Raw data
::::

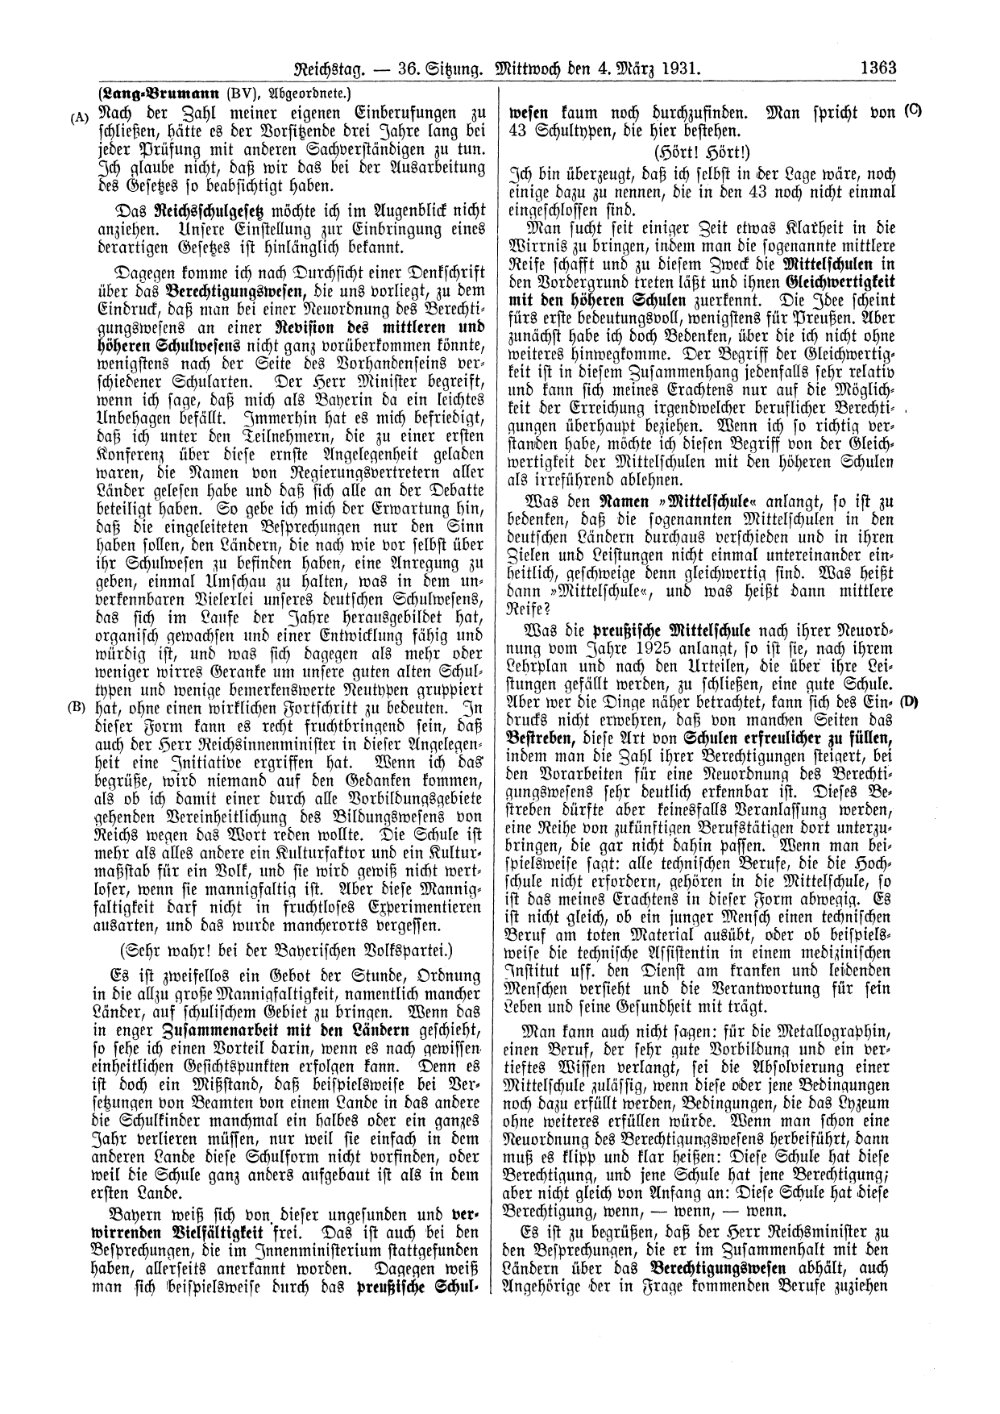 Scan of page 1363
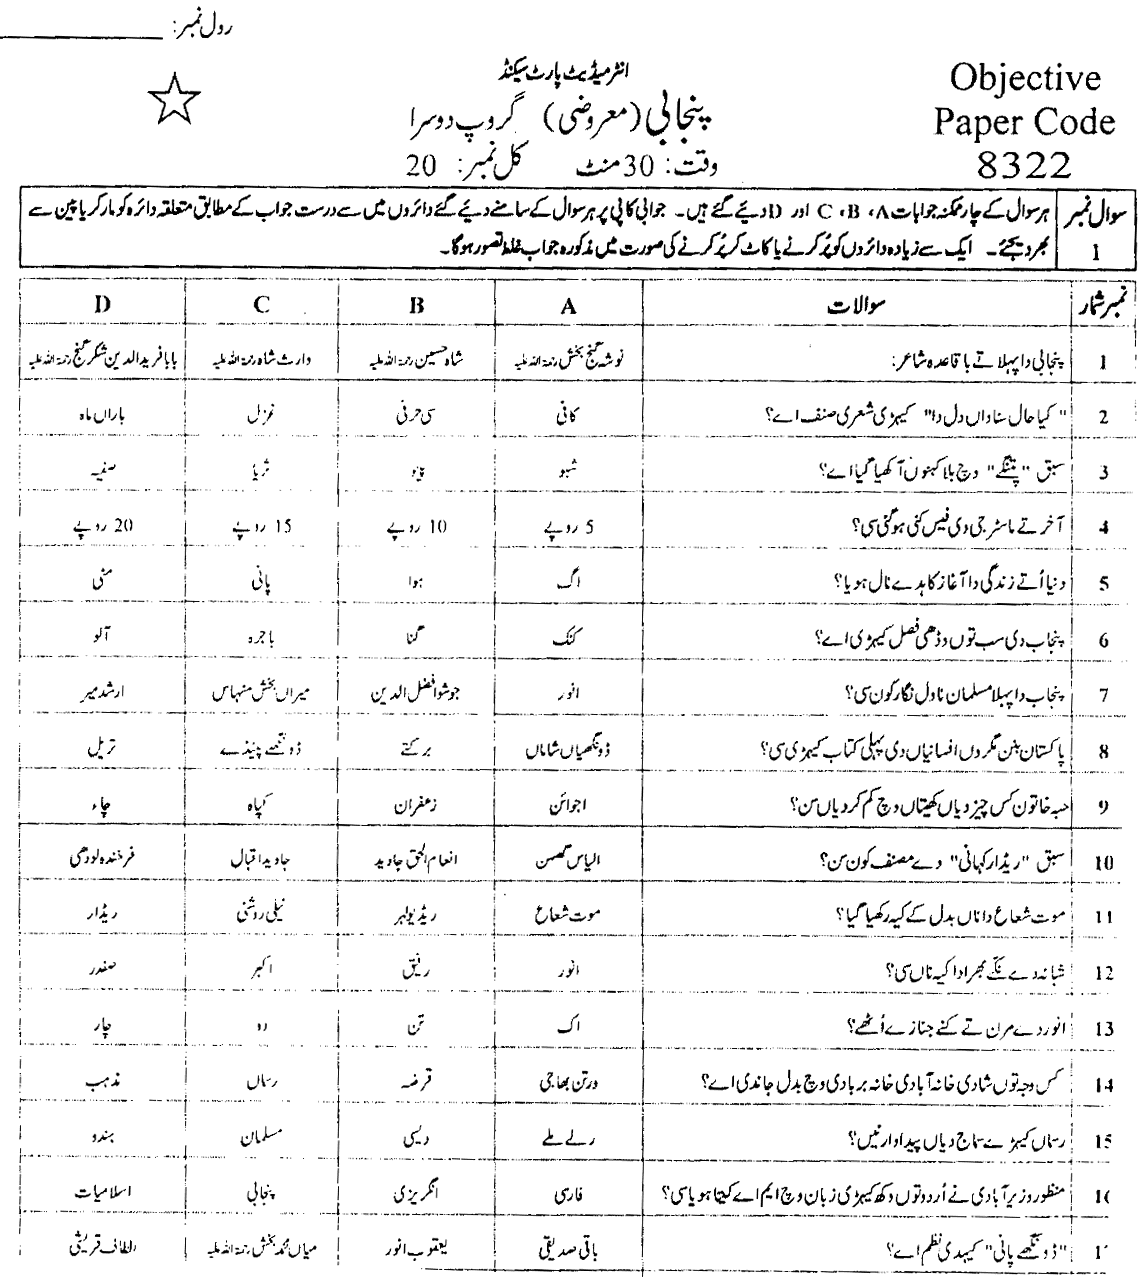 12th Punjabi Papers 2019 Faisalabad Objective Group 2
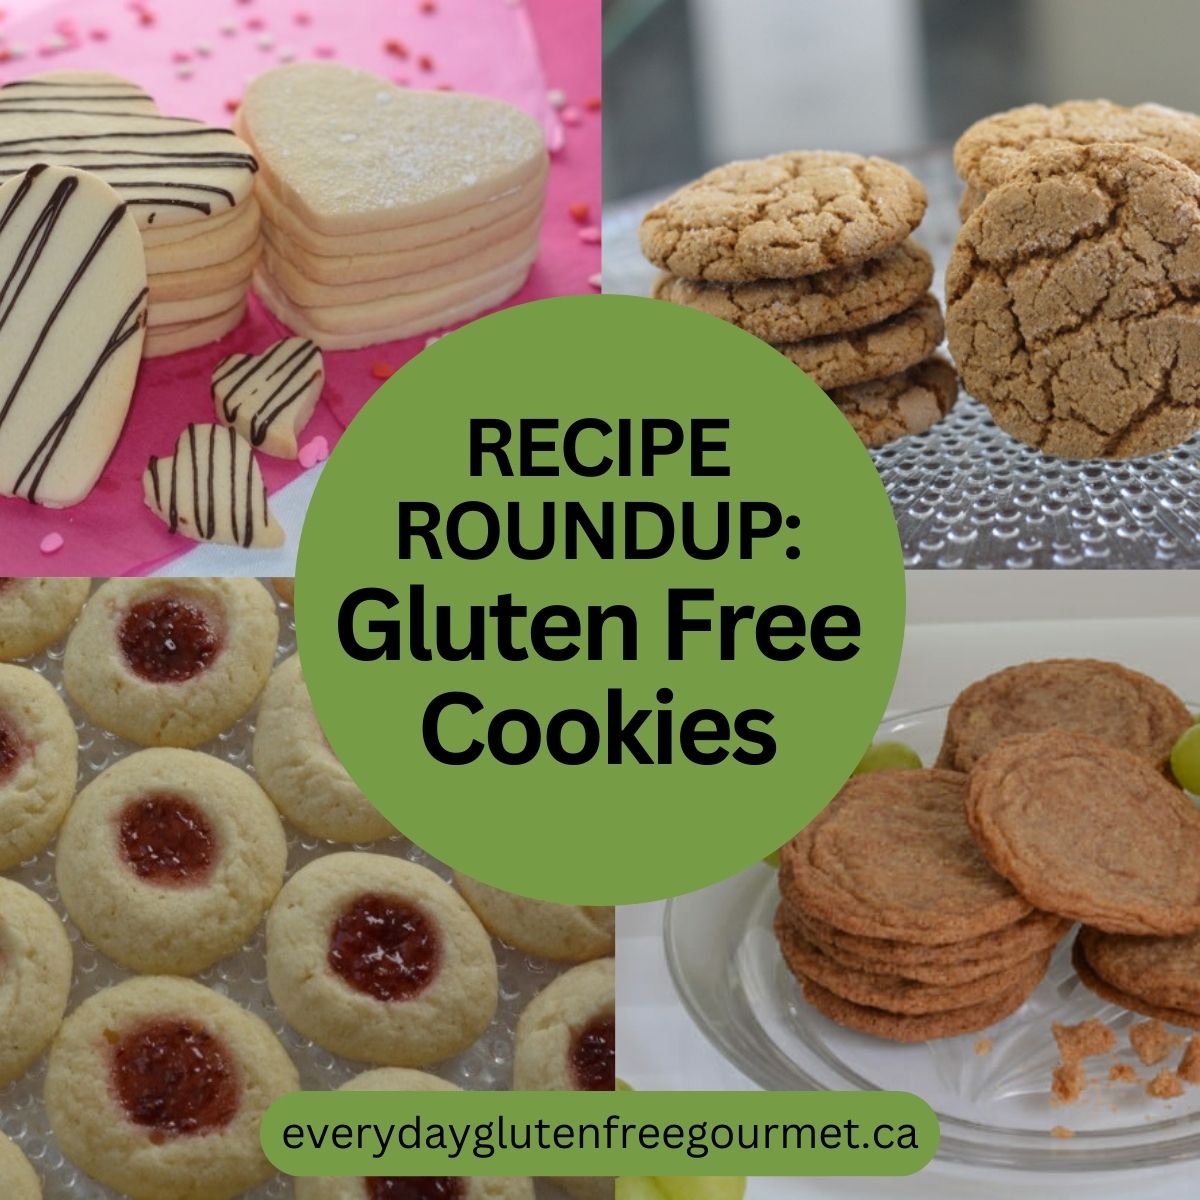 Four Gluten Free Cookies; sugar cookies, molasses ginger cookies, thumbprint cookies and snickerdoodles.
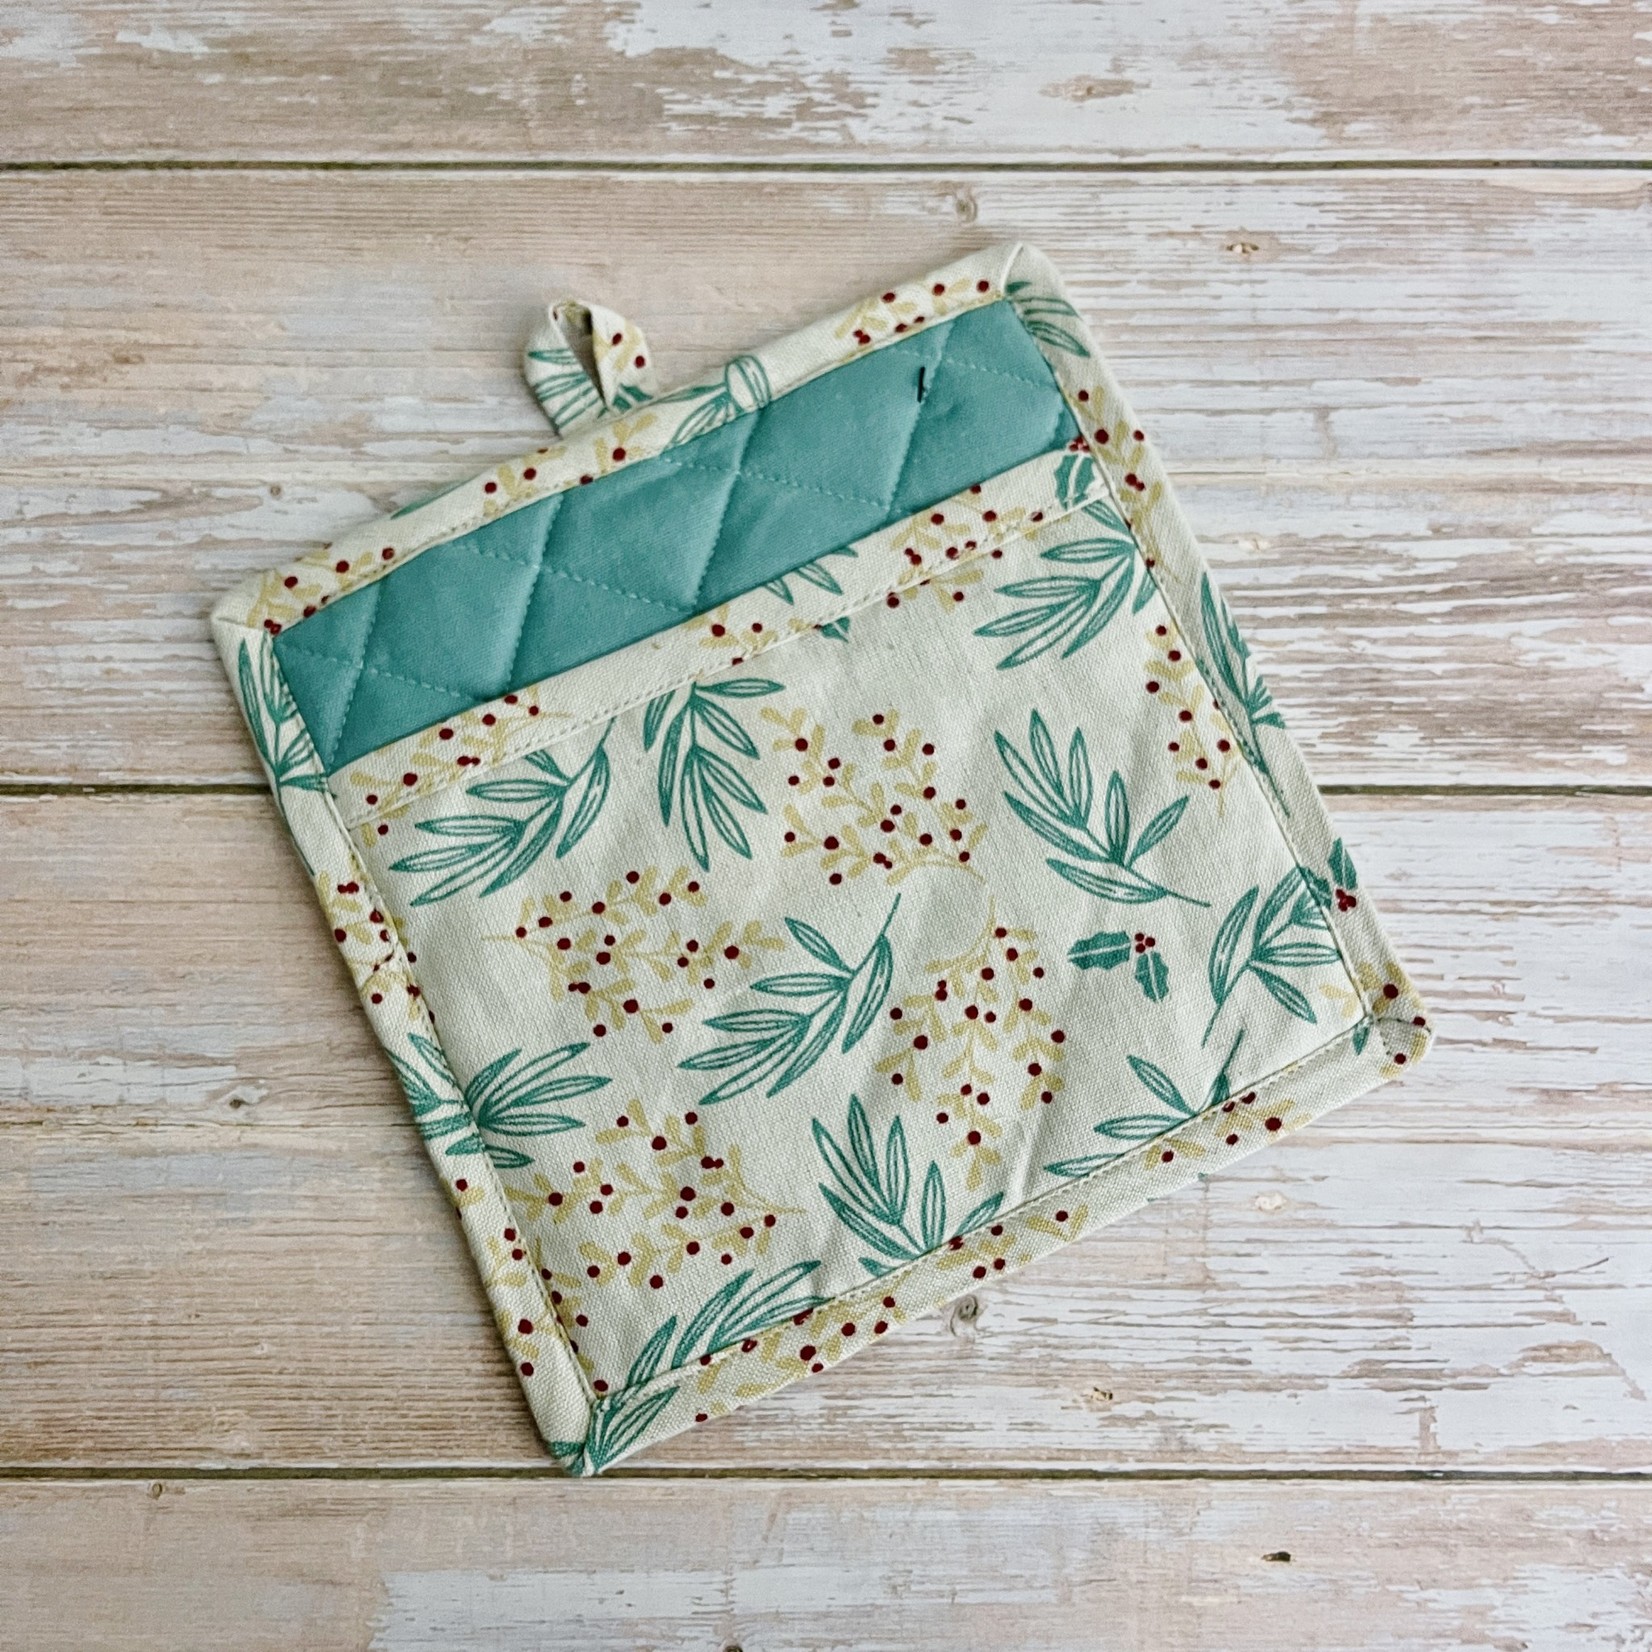 8" Sq Cotton  Printed Pot Holder with Floral Pattern

::::

Task details
Would you write out the material above in full, exactly as given, except for its pictures?

Result for this exercise
 Scan of page 1363
 12th Punjabi Papers 2019 Faisalabad Objective Group 2
 Four Gluten Free Cookies; sugar cookies, molasses ginger cookies, thumbprint cookies and snickerdoodles.
 8" Sq Cotton  Printed Pot Holder with Floral Pattern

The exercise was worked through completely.